Soon, Quantrill accompanied a large group of hometown friends in their quest to settle near Tuscarora Lake. However, neighbors soon began to notice Quantrill stealing goods out of other people's cabins and banished him from the community in January 1858. Soon thereafter, Quantrill signed on as a teamster with the US Army expedition heading to Salt Lake City, Utah in early 1858. Quantrill's journey out west is little known except that he excelled at poker. Quantrill racked up piles of winnings by playing the game against his comrades at Fort Bridger but lost it all on one hand, leaving him broke. Quantrill then joined a group of Missouri ruffians and became a drifter. The group helped protect pro-slavery Missouri farmers from the Jayhawkers for pay and slept wherever they could find lodging. Quantrill traveled back to Utah and then to Colorado but returned in less than a year to Lawrence, Kansas, in 1859 where he taught at a schoolhouse until it closed in 1860. Quantrill then partnered with brigands and turned to cattle rustling and anything else to earn him money. Quantrill also learned the profitability of capturing runaway slaves and devised plans to use free black men as bait for runaway slaves, whom he subsequently captured and returned to their enslavers in exchange for reward money.
Before 1860, Quantrill appeared to oppose slavery. He wrote to his good friend W.W. Scott in January 1858 that the Lecompton Constitution was a "swindle" and that James Henry Lane, a Northern sympathizer, was "as good a man as we have here". He also called the Democrats "the worst men we have for they are all rascals, for no one can be a democrat here without being one". However, in February 1860, Quantrill wrote a letter to his mother that expressed his views on the anti-slavery supporters. Quantrill told her that slavery was right and that he detested Jim Lane. He said that the hanging of John Brown had been too good for him and that "the devil has got unlimited sway over this territory, and will hold it until we have a better set of man and society generally."
Guerrilla leader
In 1861, Quantrill went to Texas with Marcus Gill. They met Joel B. Mayes and joined the Cherokee Nations. Mayes, of mixed Scots-Irish and Cherokee descent, was a Confederate sympathizer and a war chief of the Cherokee Nations in Texas. Mayes had moved from Georgia to the old Indian Territory in 1838. Mayes enlisted and served as a private in Company A of the 1st Cherokee Regiment in the Confederate army. Mayes taught Quantrill guerrilla warfare tactics, ambush fighting tactics used by Native Americans, camouflage, and sneak attack tactics.

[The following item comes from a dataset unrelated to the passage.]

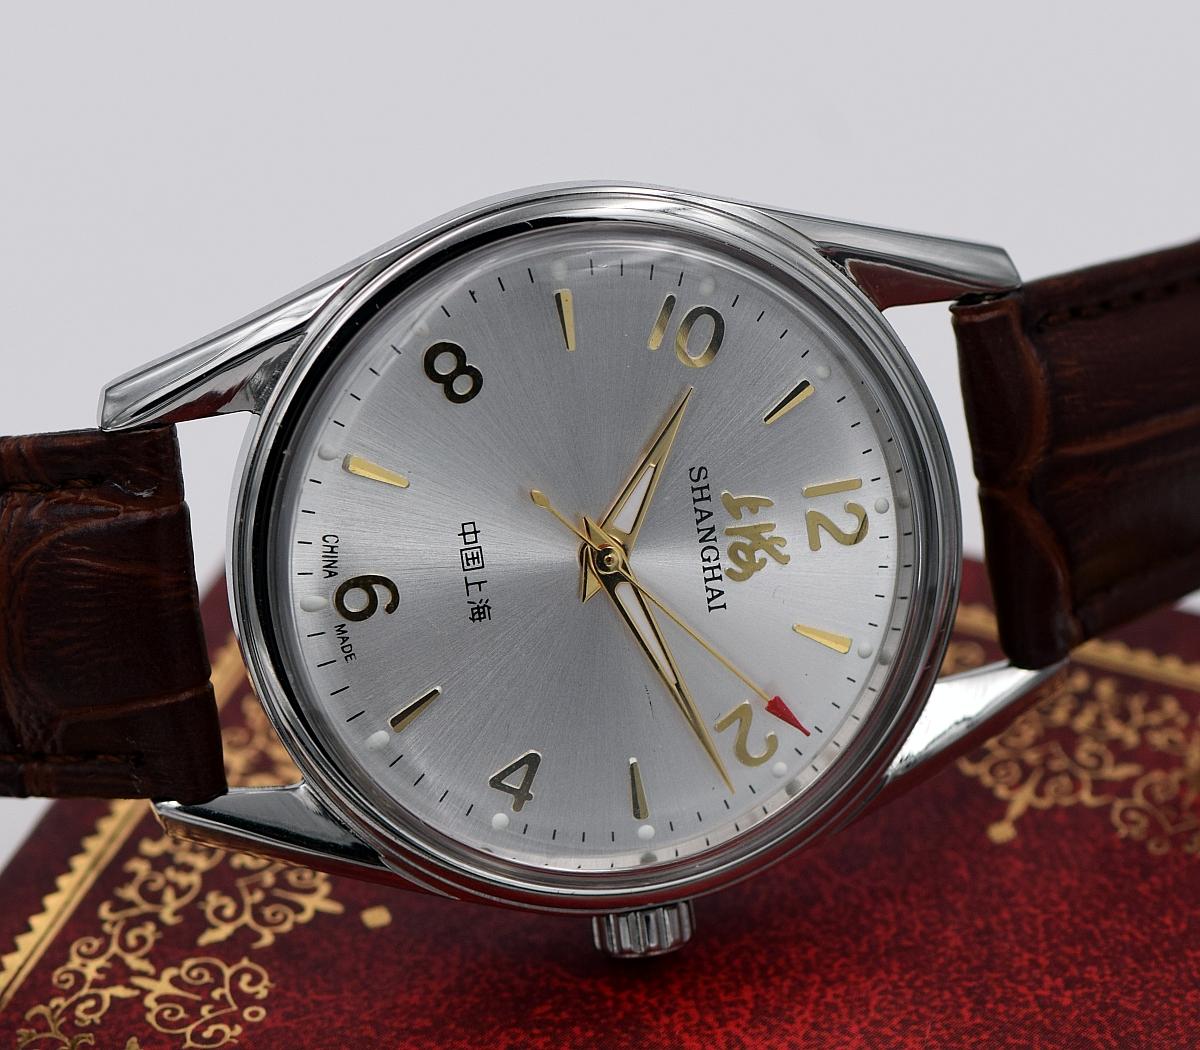 8120 国产手表 上链手动机械手表大数字 男士库存超薄夜光复古腕表

Quantrill, in the company of Mayes and the Cherokee Nations, joined with General Sterling Price and fought at the Battle of Wilson's Creek and First Battle of Lexington in August and September 1861.In late September Quantrill went to Blue Springs, Missouri, to form his own partisan unit made of loyal men who had great belief in him and the Confederate cause, and they came to be known as "Quantrill's Raiders". By Christmas 1861, ten men followed Quantrill full-time in his pro-Confederate guerrilla organization: William Haller, George Todd, Joseph Gilcrist, Perry Hoy, John Little, James Little, Joseph Baughan, William H. Gregg, James A. Hendricks, and John W. Koger. Later, in 1862, John Jarrett, John Brown, Cole Younger, William T. "Bloody Bill" Anderson, and the James brothers would join Quantrill's army. On March 7, 1862, Quantrill and his men attacked a small US Army outpost in Aubry, Kansas, and ransacked the town.
On March 11, 1862, Quantrill joined Confederate forces under Colonel John T. Hughes and took part in an attack on Independence, Missouri. After what became known as the First Battle of Independence, the Confederate government decided to secure the loyalty of Quantrill by issuing him a "formal army commission" to the rank of captain.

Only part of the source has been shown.